(Records to use begins)

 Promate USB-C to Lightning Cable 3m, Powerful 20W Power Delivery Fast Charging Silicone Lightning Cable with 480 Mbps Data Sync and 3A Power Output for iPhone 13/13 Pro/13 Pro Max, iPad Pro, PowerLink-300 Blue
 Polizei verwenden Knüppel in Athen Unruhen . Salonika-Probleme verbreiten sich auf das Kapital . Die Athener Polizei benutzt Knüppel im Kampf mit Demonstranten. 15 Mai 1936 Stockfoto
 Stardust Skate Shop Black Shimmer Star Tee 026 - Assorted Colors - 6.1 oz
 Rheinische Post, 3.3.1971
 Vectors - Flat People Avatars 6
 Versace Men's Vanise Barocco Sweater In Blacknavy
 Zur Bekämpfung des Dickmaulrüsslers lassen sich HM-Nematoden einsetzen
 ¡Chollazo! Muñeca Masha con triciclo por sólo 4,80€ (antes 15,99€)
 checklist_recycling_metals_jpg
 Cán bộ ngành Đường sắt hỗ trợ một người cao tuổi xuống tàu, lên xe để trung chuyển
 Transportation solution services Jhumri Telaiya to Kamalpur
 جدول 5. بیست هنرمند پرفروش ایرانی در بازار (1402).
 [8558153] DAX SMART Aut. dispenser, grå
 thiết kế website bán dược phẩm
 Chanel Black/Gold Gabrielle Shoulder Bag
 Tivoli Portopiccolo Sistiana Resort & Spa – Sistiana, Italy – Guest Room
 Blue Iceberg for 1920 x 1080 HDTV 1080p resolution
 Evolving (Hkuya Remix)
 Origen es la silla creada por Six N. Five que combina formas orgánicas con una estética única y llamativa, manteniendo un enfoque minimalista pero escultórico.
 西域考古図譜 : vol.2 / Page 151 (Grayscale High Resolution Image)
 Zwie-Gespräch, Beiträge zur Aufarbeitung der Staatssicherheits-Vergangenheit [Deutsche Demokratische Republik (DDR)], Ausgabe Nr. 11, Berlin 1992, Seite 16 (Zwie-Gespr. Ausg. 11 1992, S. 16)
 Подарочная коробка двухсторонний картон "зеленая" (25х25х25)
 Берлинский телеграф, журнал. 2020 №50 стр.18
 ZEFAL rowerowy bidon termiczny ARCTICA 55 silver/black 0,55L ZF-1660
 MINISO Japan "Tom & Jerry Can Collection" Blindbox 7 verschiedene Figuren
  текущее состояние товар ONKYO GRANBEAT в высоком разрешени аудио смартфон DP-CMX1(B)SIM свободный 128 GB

(Records to use ends)

> _How to complete this task_
Return exactly the lines above from the line that has "جدول 5. بیست" through the line that has "西域考古図譜 : vol.2", inclusive, and nothing else.

> _Answer area_
 جدول 5. بیست هنرمند پرفروش ایرانی در بازار (1402).
 [8558153] DAX SMART Aut. dispenser, grå
 thiết kế website bán dược phẩm
 Chanel Black/Gold Gabrielle Shoulder Bag
 Tivoli Portopiccolo Sistiana Resort & Spa – Sistiana, Italy – Guest Room
 Blue Iceberg for 1920 x 1080 HDTV 1080p resolution
 Evolving (Hkuya Remix)
 Origen es la silla creada por Six N. Five que combina formas orgánicas con una estética única y llamativa, manteniendo un enfoque minimalista pero escultórico.
 西域考古図譜 : vol.2 / Page 151 (Grayscale High Resolution Image)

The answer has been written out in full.